Perhaps I have a right to comment. I have had plenty of experience in this game.

Fondly, Friend 2

Now, consider a completely different view:

Mindfulness – Another View

In Sunday's Washington Post, May 25, 2014, is a story about a Buddhist teacher/therapist who works with military veterans suffering from Post Traumatic Stress Disorder. Her theory, as outlined by the Post journalist, is that keeping one's mind on the here and now is healing.

Her approach seems to recommend focusing on oneself, centering on where one is and how one feels right now. Question: Is this ego-centric? If you think about others or the troubles you are presently facing, are you not being mindful?

Perhaps being mindful is beneficial, but like everything else, that is debatable. I suspect some will find a measure of relief while others will not.

Mindfulness! I read and hear of this often, since I live in Mill Valley, California, a bastion for Buddhist and yoga-style meditators. One of my friends at our local gym is the director of a Zen center, and he and I have talked on and off over the years on the subject of mindfulness.

Mindfulness! I suppose one ought to be mindful. It sounds like a good thing, maybe even a virtue.
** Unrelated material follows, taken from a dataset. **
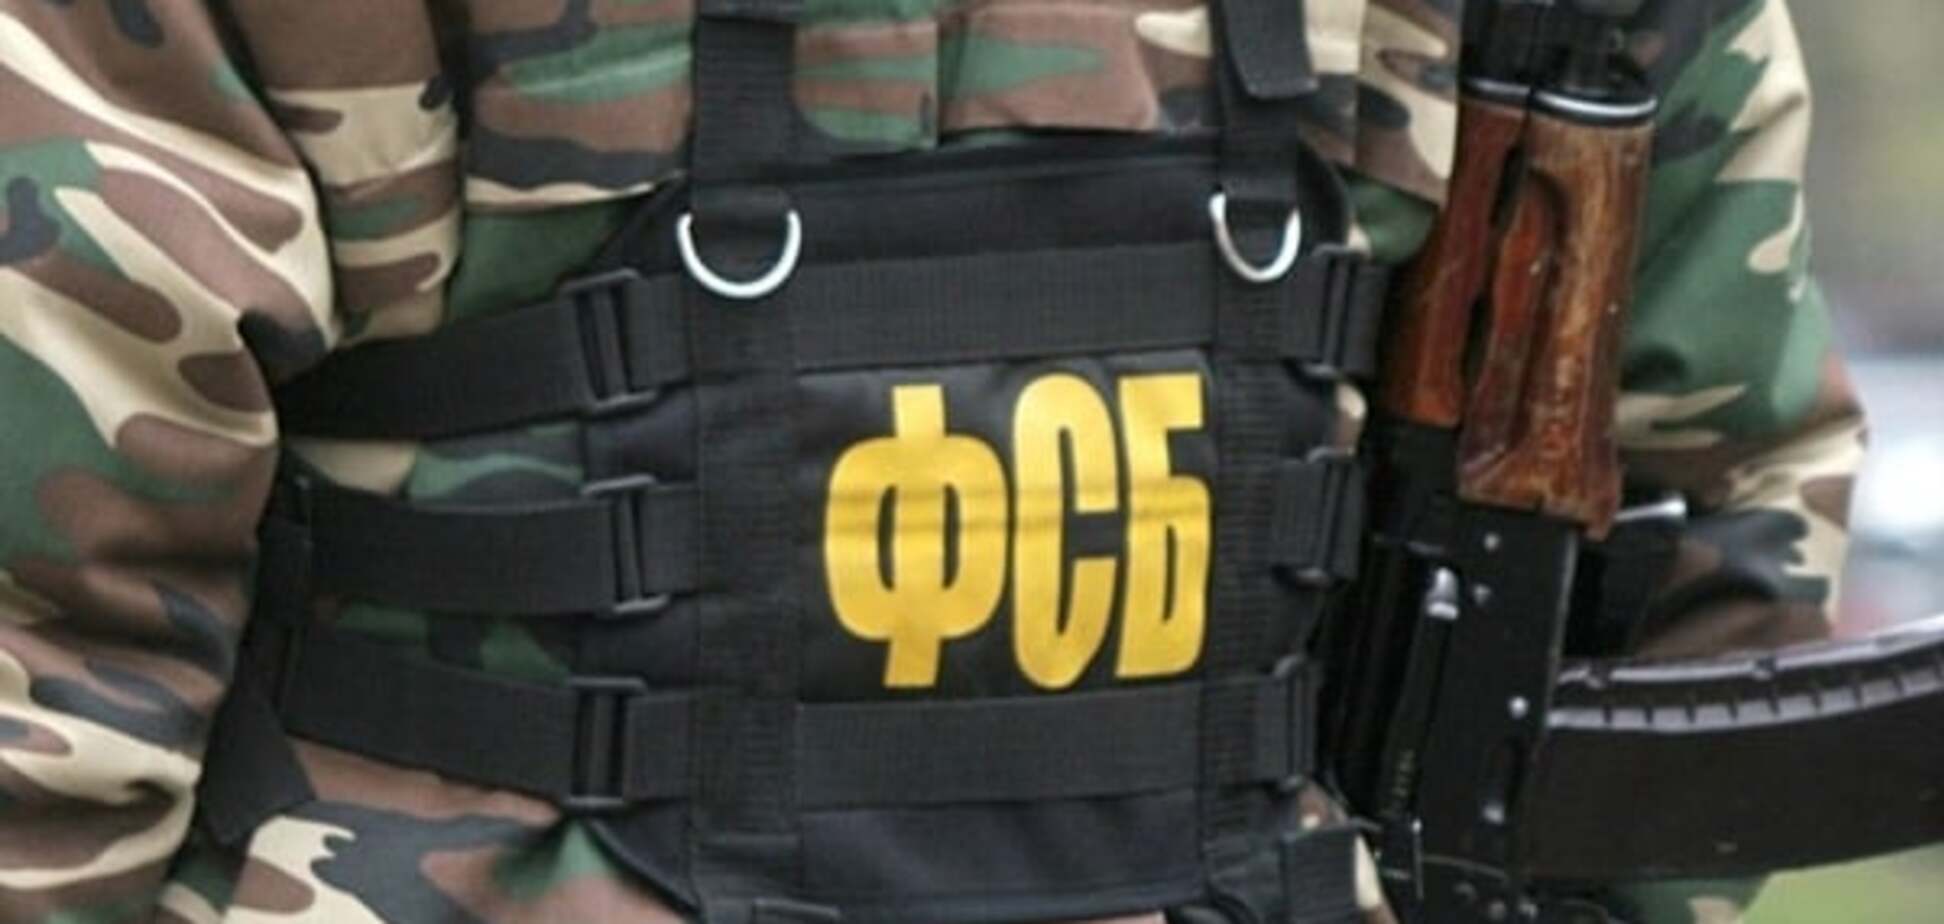 Офицер ФСБ попался на мародерстве в зоне АТО - разведка

Mindful of the moment, mindful in the moment; it seems like a worthy goal, I suppose. Certainly, if a train were bearing down on you, you would want to be mindful of yourself, exactly where you were at in that moment.
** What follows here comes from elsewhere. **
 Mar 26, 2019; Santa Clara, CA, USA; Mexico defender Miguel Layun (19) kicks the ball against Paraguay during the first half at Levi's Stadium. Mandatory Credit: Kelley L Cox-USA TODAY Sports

To ask, mindful of what? probably misses the point. I don't think it is about jumping out of the way of trains, planes, or automobiles, but it might encompass such. Seems like a koan, one of those sayings that leave a person scratching his or her head, like "What is the sound of one hand clapping?"

This is now bordering on being silly; even I know it. I am not mindless. Let me get down to it: I am suspicious that what the mindfulness practitioner means is she has discovered something very large and that those who do not practice mindfulness are missing out.
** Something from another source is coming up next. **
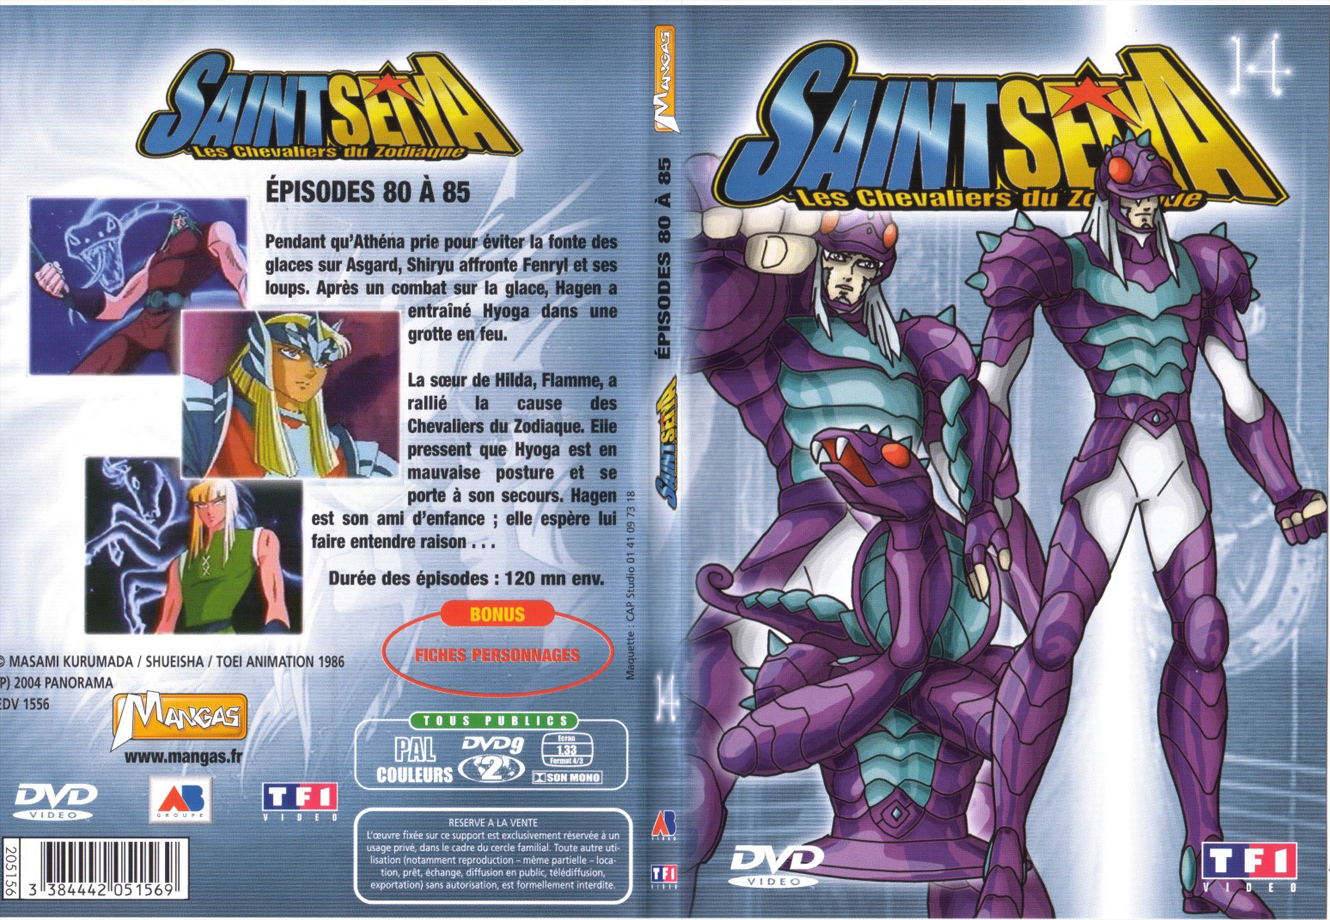 Jaquette DVD Saint Seiya vol 14 - SLIM

I also wonder if the call to mindfulness is not a form of Buddhist evangelism. There is a Christian type evangelism which basically looks like this: Christians speak of their gospel which may be reduced to a three part formula: Law plus Grace = Gospel. The Christian evangelist points out that the Law of Moses, whose centerpiece is the Ten Commandments of Exodus chapter 20, when read will lead the reader to understand that they have sinned and fall well short of God's demands. Bad News. The second part of the formula is Grace, which means that though God could send the poor Law breaker to hell, He instead pardons, forgives, and saves the miserable sinner. Good News. The result is Gospel, which literally means Good News. Shocking! Instead of hell there is now heaven.

So then, is there anything of a mindful nature here? It is self focused to a considerable degree and it centers on really large issues that impact the here and now. It is ultimate present conversation between the Creator and creature. How much more significant, hey, even mindful can you get?

Mindfulness. The impression I often get is that the Buddhist, or perhaps the Hindu yogi, those who meditate and focus on the NOW are where one ought to be as opposed to those Christian types who are thinking only about the kingdom to come with the harps, angel wings, fluffy clouds, and much more in the sweet bye and bye, which is down the road someplace and certainly not in the here and now. Is this the Buddhist version of the good news and is it superior to the Christian version. Of course, like everything else, this is debatable.

Let me get down to it right now. I am mindful that living in the now is a good thing. No question, I embrace it, but is that all there is? Since there is a future, however short or long, there is more to life than now. I confess I do not get too excited about now all the time. Sometimes now is painful, discouraging, boring and I would rather not focus on it. Hope is a good thing, and hope is future oriented and centers on what may or may not come to pass. But it is nonetheless not now. Is this an acceptable state of mindfulness?